Example 8-2: Verifying correct NSD creation with mmlsnsd

[root@storage001 root]# mmlsnsd File system NSD name Primary node Backup node --------------------------------------------------------------------------- gpfs0 gpfs2nsd storage001-myri0.cluster.com (free disk) gpfs3nsd node001-myri0.cluster.com [root@storage001 root]#

Once the NSD has been successfully defined, we can use it to enlarge our GPFS file system with mmaddisk. Because GPFS paralyzes read and write operations, simply appending the disk to the file system is inefficient. Data will not be balanced across all the disks, so GPFS will be unable to make optimal use of the new disk.
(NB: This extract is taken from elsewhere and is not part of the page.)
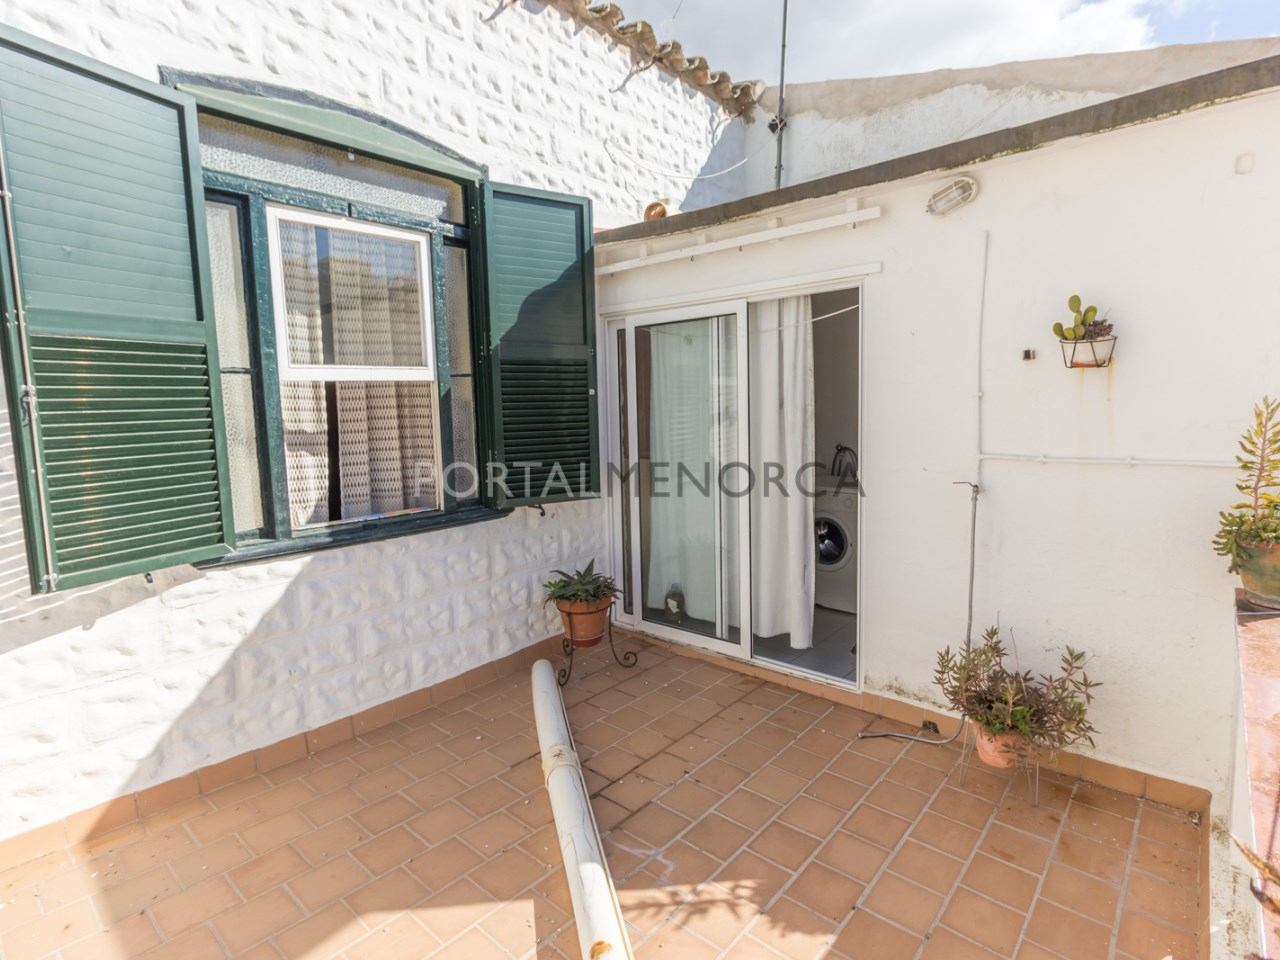 maison avec patio a Mahon (11 de 15)

The mmadddisk command can automatically re-balance the data across all the disks through the use of the -r switch. In large file systems, the re-balance can take a long time, so we also supply the asynchronous switch (-a). This will cause the mmadddisk command to return while the re-balance continues in the background.

Note 

Although you can still access the file system while it is being re-balanced, certain GPFS metadata commands, including mmdf, cannot be run until the re-balance has completed.

Example 8-3 shows the output of the mmadddisk command.

Example 8-3: Adding a disk to a GPFS file system with mmadddisk

[root@storage001 root]# mmadddisk gpfs0 -F newdisk.dsc -r -a GPFS: 6027-531 The following disks of gpfs0 will be formatted on node storage001.cluster.com: gpfs3nsd: size 17767858 KB Extending Allocation Map GPFS: 6027-1503 Completed adding disks to file system gpfs0. mmadddisk: Propagating the changes to all affected nodes. This is an asynchronous process. [root@storage001 root]#

Tip 

Although disks can be re-balanced while the file system is running, it will affect the performance. You might want to think about adding the new disk(s) during a period of low activity, or re-balancing the disks at a later time with the mmrestripefs -b command.

Using the mmlsdisk and mmlsnsd command, you can verify that the NSD is now a member of our GPFS file system, as in Example 8-4.

Example 8-4: Verifying the new NSD was added with mmlsdisk and mmlsnsd

[root@storage001 root]# mmlsdisk gpfs0 disk driver sector failure holds holds name type size group metadata data status availability ------------ -------- ------ ------- -------- ----- ------------- ------------ gpfs2nsd nsd 512 -1 yes yes ready up gpfs3nsd nsd 512 -1 yes yes ready up [root@storage001 root]# mmlsnsd File system NSD name Primary node Backup node --------------------------------------------------------------------------- gpfs0 gpfs2nsd storage001-myri0.cluster.com gpfs0 gpfs3nsd node001-myri0.cluster.com [root@storage001 root]#

You can also verify the capacity of your file system using mmdf, as shown in Example 8-5. Remember that mmdf will not consider replication factors; if you are using full replication, you will need to divide the file system size and free space by two.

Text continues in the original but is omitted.